People – ‘People’ policies and procedures need to offer a return on personal investment through fair management of performance and fair rewards – a flexible framework to apply to individuals.
Engaging Leaders
The organisational practices may be first class, but will go nowhere in creating actual engagement by themselves. That is down to their application by managers and leaders within the organisation. People are different. Different in what motivates us, how we feel valued, what we are good at. Line managers are the only people in a position to understand each employee’s unique needs, and therefore interpret organisational policies to generate actual engagement.
Actual Engagement
There are a further three factors affecting an individual’s ability to engage; Context, Role and the Individual.
Context – The surrounding team and micro-culture. Whether you have fun at work and whether those around you are supportive – an environment where individuals can be themselves without fear of damaging self-image, status, or career.

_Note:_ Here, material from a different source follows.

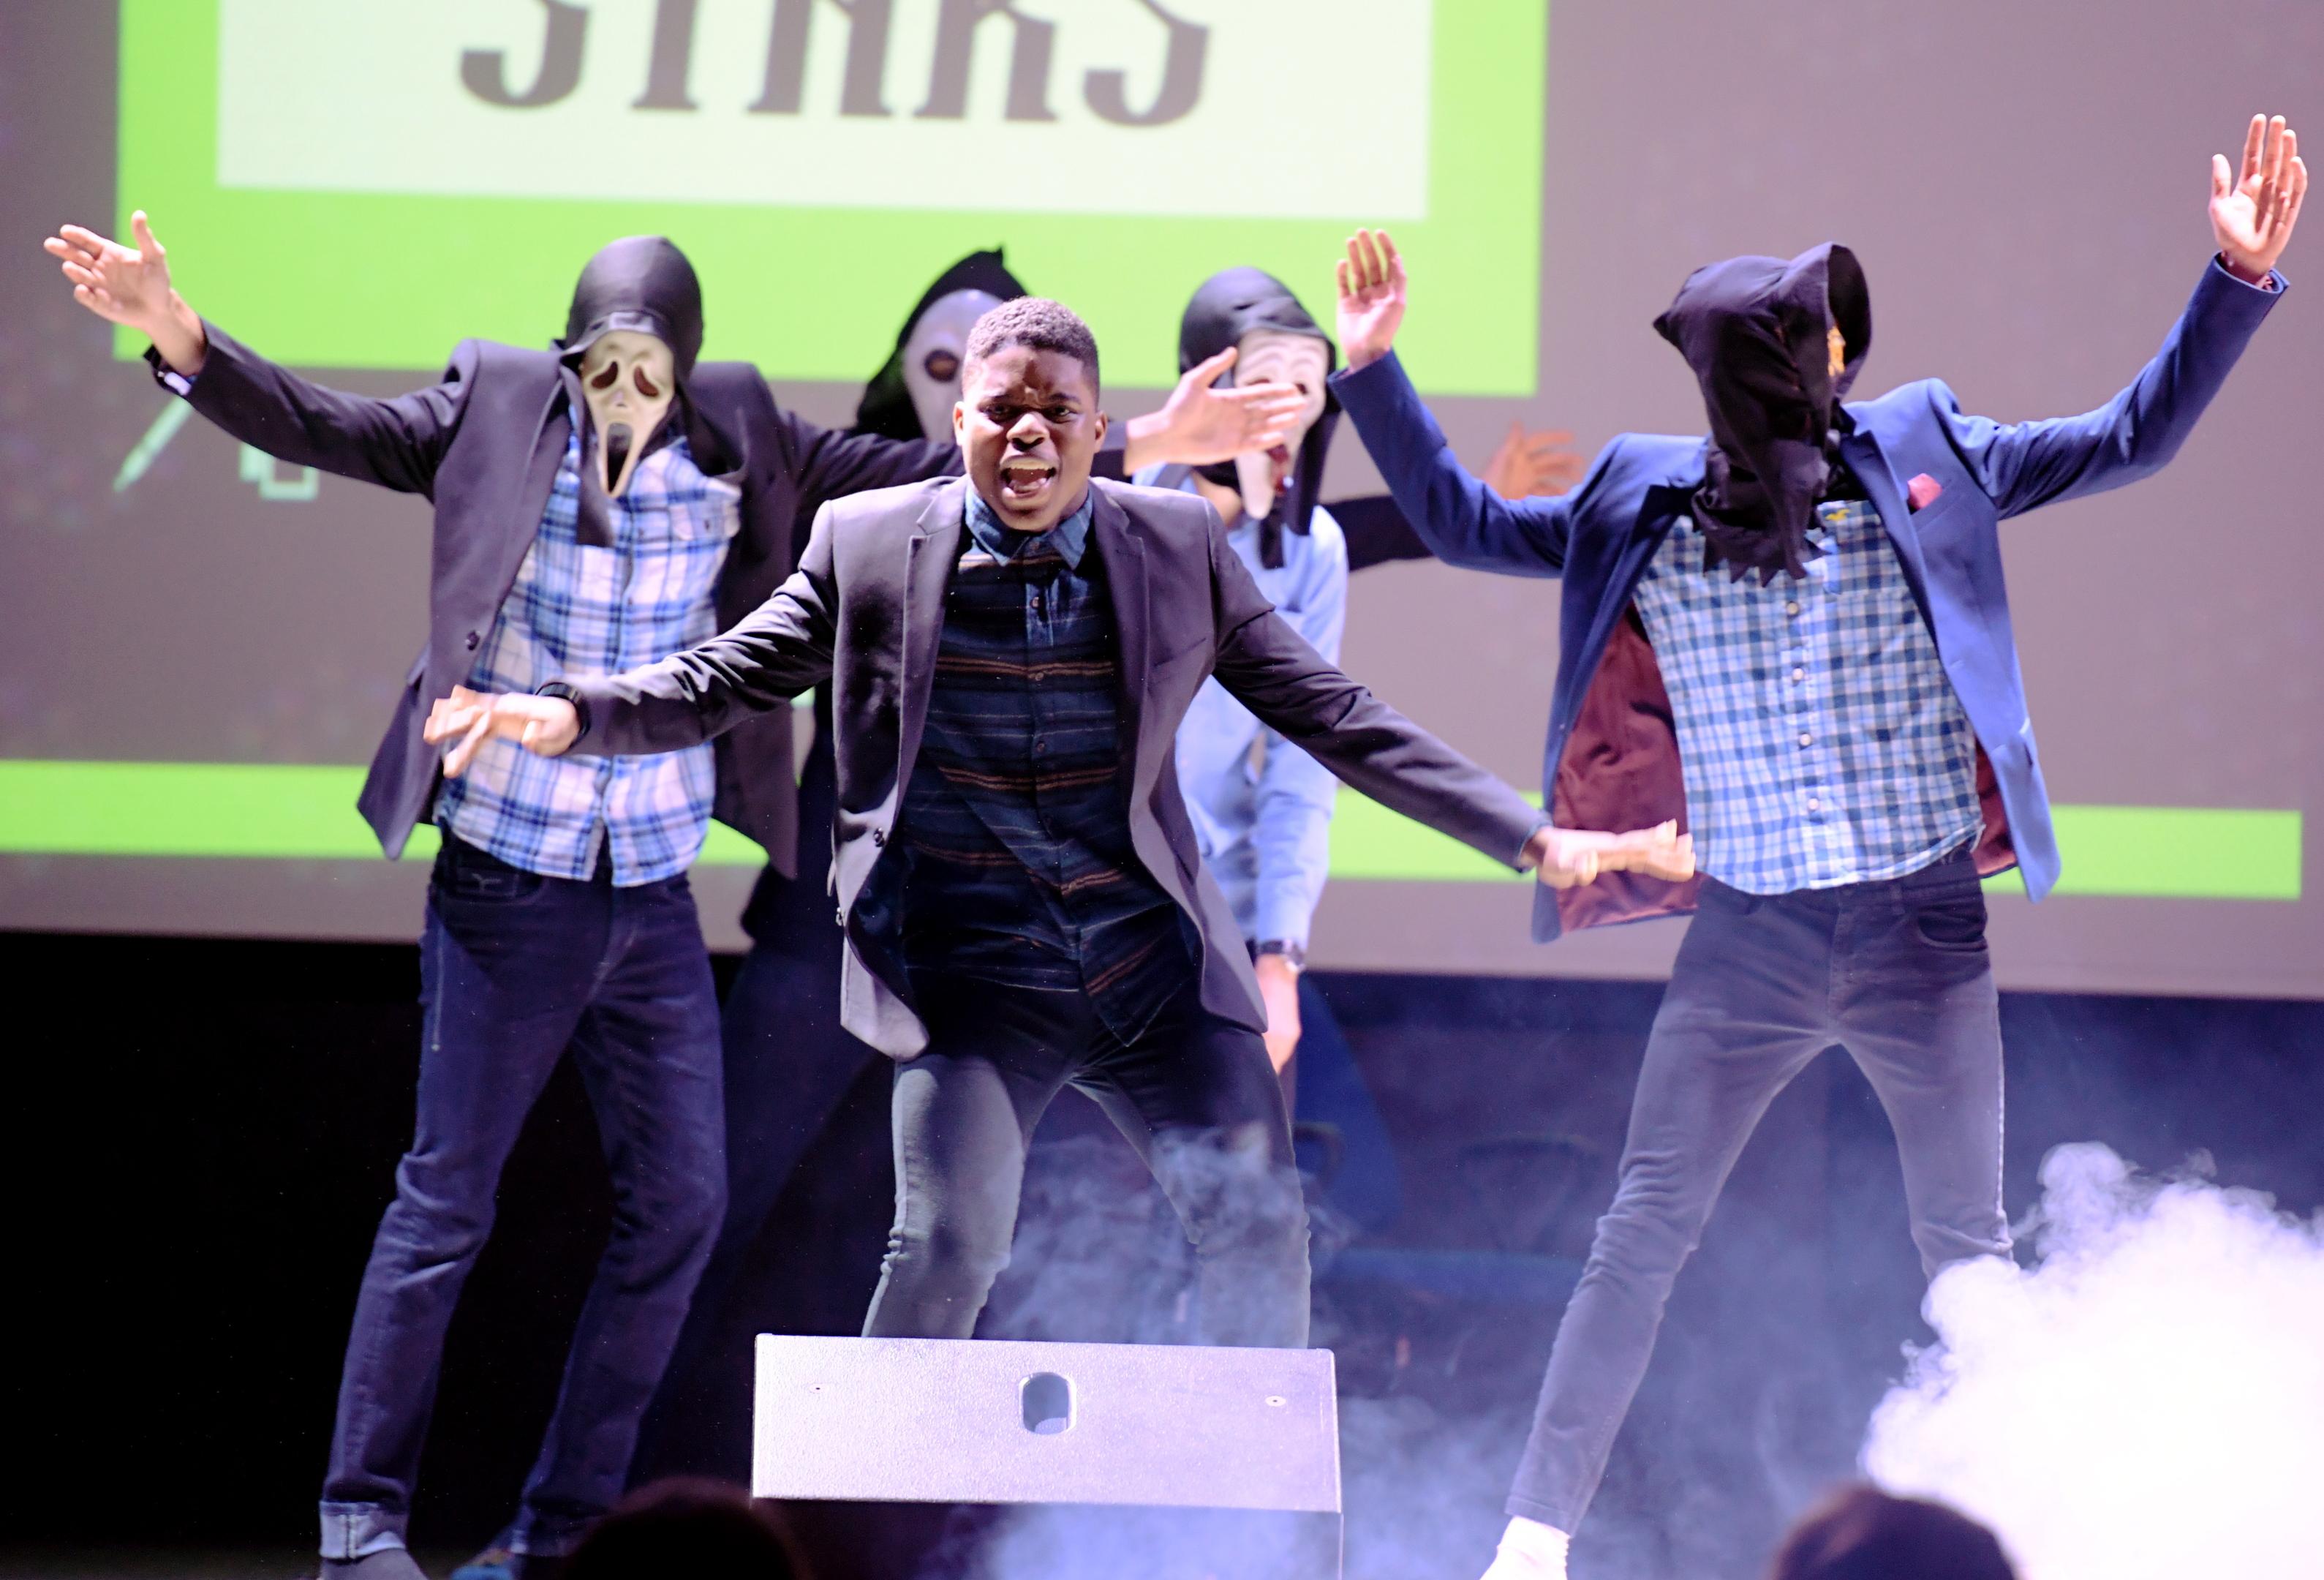 The final of Albyn School's LipSync battle. Bruno Stars perform onstage.

Role – Roles that are meaningful to individuals. In terms of the responsibilities matching their talent and preferences, and challenges matching ability. But also in terms of how they are executed – There needs to be sufficient autonomy so that individuals can find their own way of doing things, solve their own problems and implement their own ideas.
Individual – Time for another honest question – ‘Can every individual be engaged’? This area acknowledges that there are some aspects to engagement that you simply cannot affect.

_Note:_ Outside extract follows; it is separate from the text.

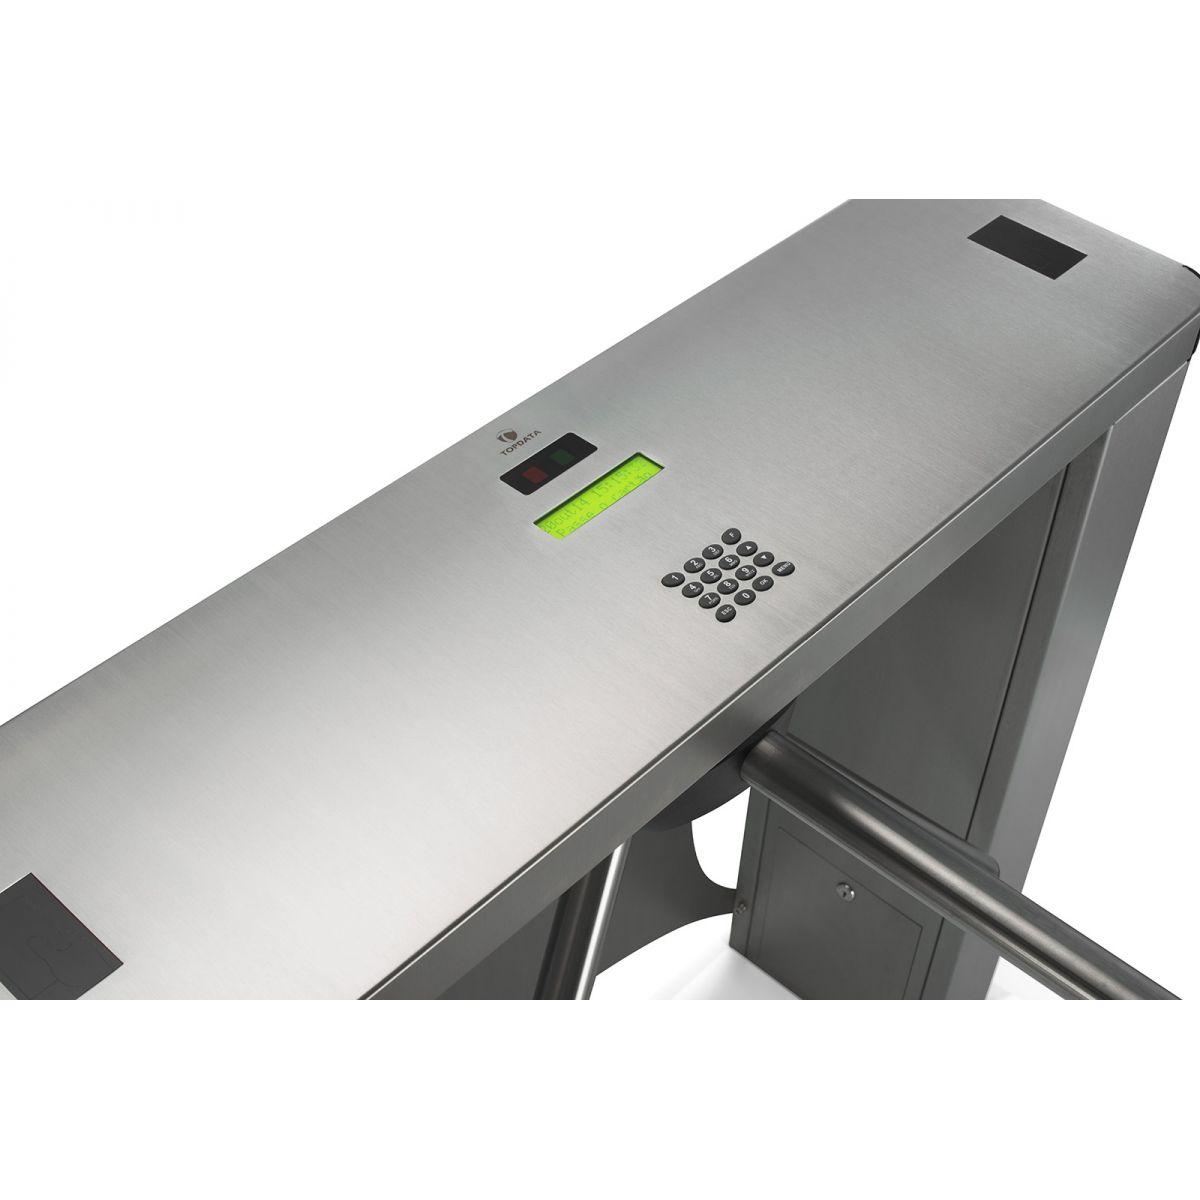 Catraca Box Inox Topdata  - Iponto Tecnologia

To engage in a role, an individual must be personally available i.e. be physically, emotionally and psychologically able. There will inevitably be periods of fluctuation where tiredness, “the argument with the wife” and significant and tragic life events render us mentally unavailable for work, when there are simply bigger priorities in life. But Engagement is about the long haul, not a quick fix, accept it will never be perfect, but believe that we can improve things for the majority.
So what?
Any decent Employee Engagement survey will measure these criteria in one form or another. Engagement levels are as good as the weakest link – analysis will identify that, and the intervention to address it should be reasonably obvious – from management development, to getting rid of a painful IT system or rescuing the original mission from the dry corporate communication. When that effect has been felt, re-measure and repeat – simple!
In a nutshell…
So as we look back to the original question regarding flow – How can this be created across organisations? The answer is; when Engaging Leaders use Engagement friendly organisational policies to create a set of circumstances that move and mobilise each individual.